→ Instructions for the task
Please reproduce the data exactly, excluding any pictures it contains.

→ Given information
----------------

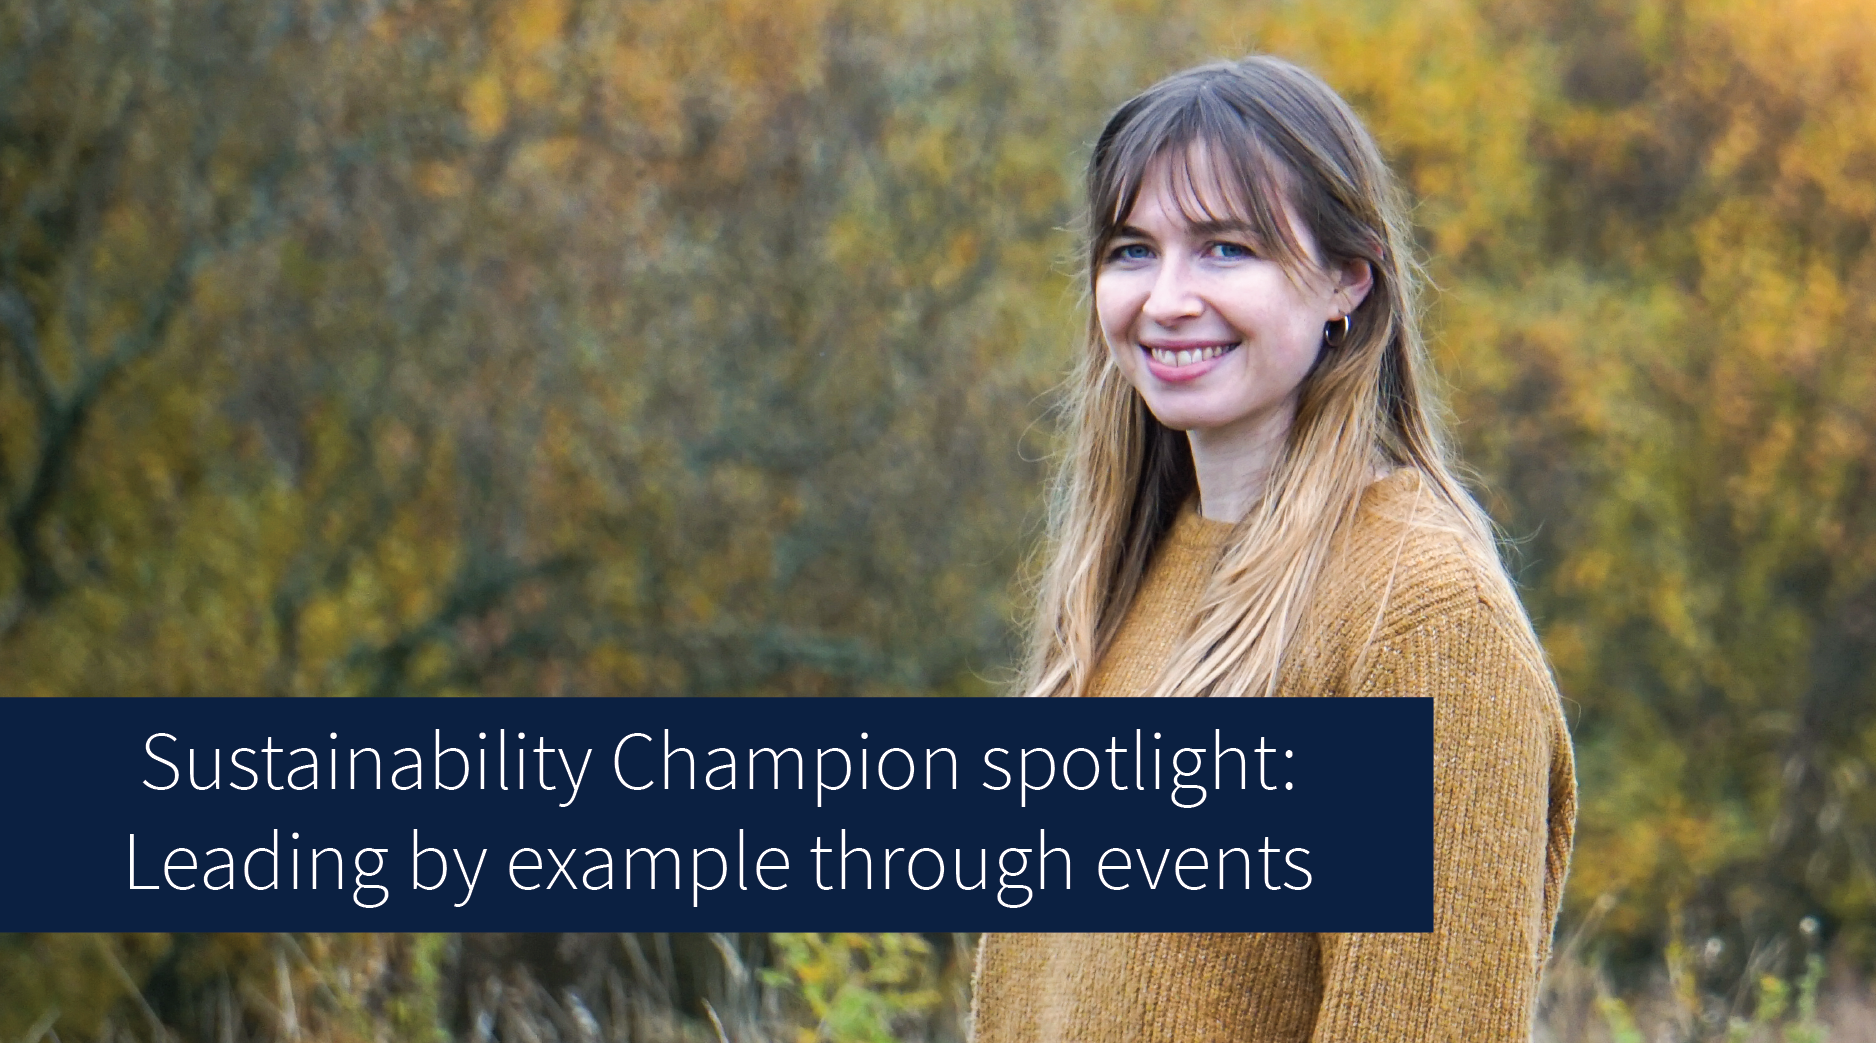 "Sustainability Champion Spotlight: Leading by example through events", Eilidh Patterson, Events, PR & Communications Administrator at the Business School
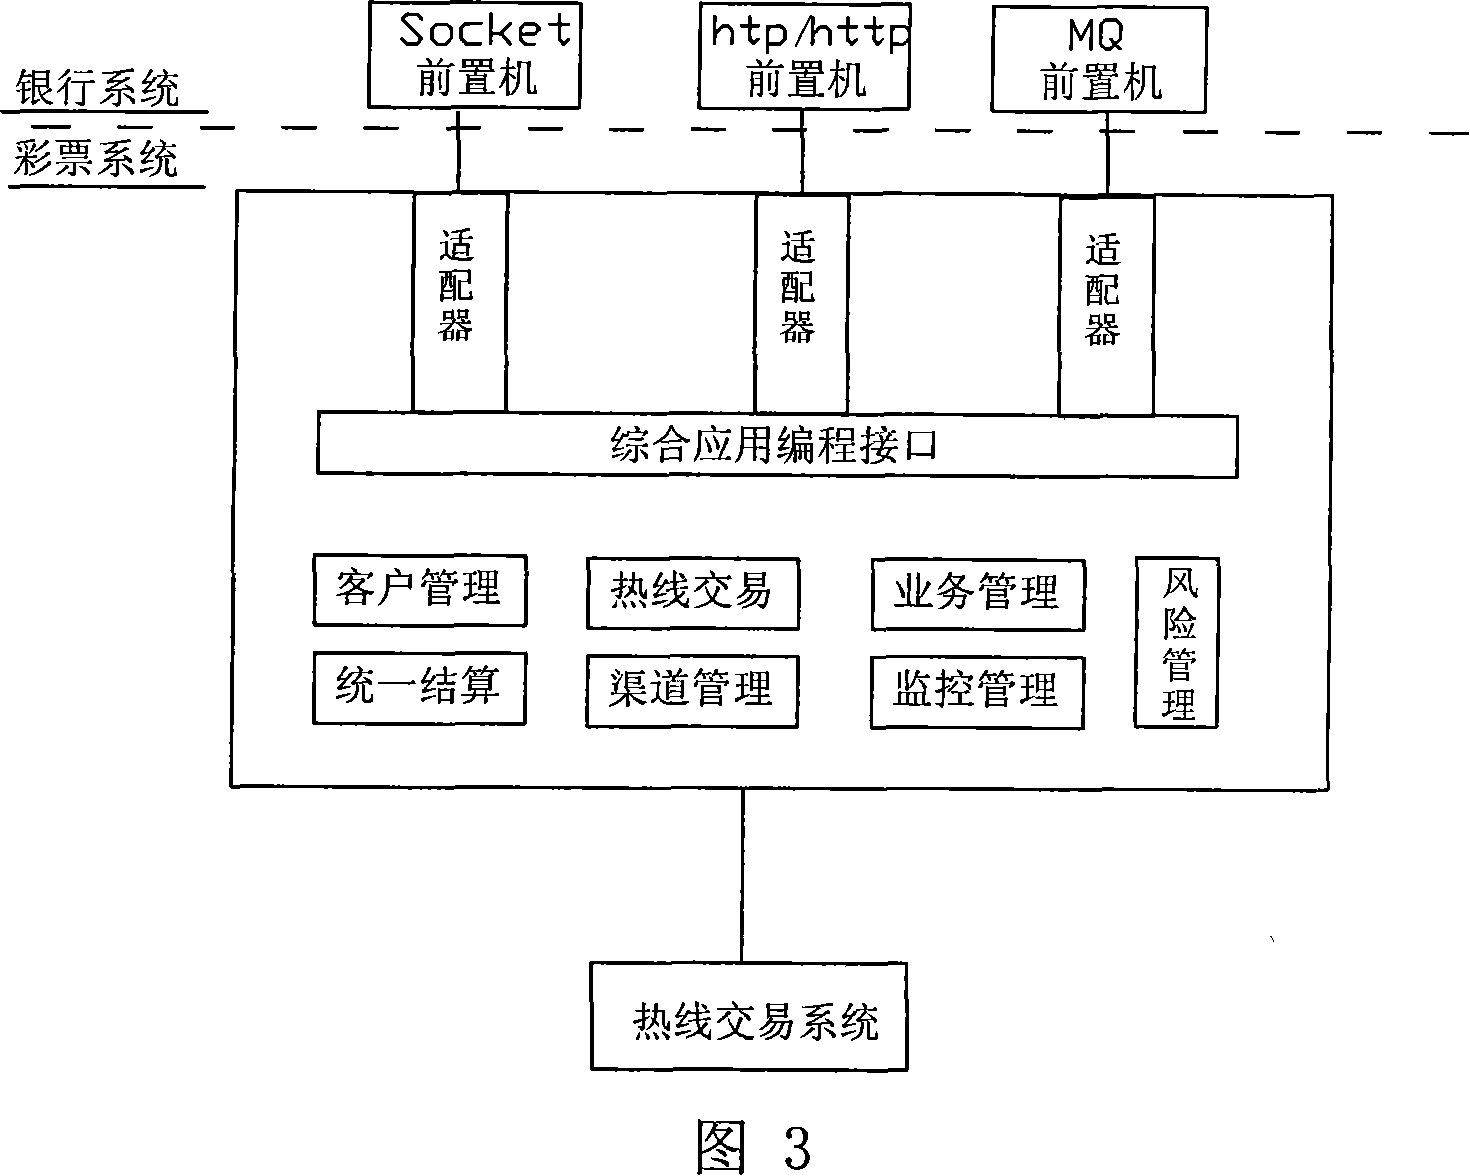 Bank self-help lottery ticket distribution system and its method
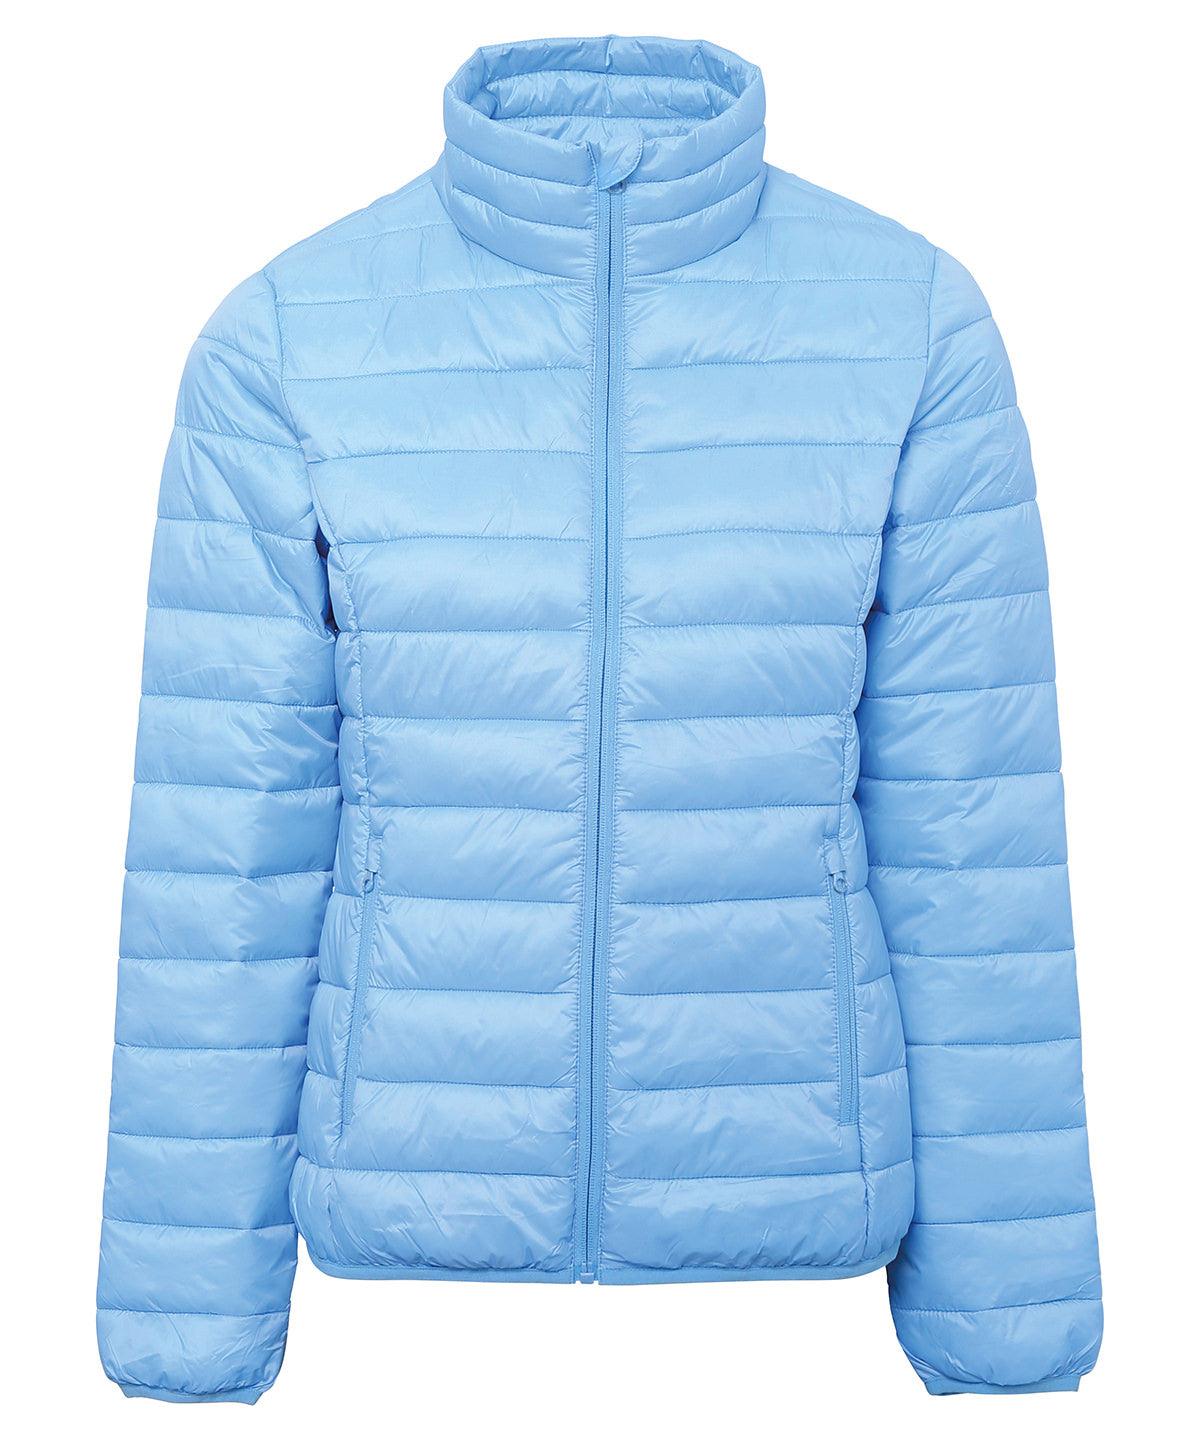 Winter Sky - Women's terrain padded jacket Jackets 2786 Jackets & Coats, Must Haves, Padded & Insulation, Padded Perfection, Women's Fashion Schoolwear Centres

----------------

→ Finished task
 "Sustainability Champion Spotlight: Leading by example through events", Eilidh Patterson, Events, PR & Communications Administrator at the Business School
 Bank self-help lottery ticket distribution system and its method
 Winter Sky - Women's terrain padded jacket Jackets 2786 Jackets & Coats, Must Haves, Padded & Insulation, Padded Perfection, Women's Fashion Schoolwear Centres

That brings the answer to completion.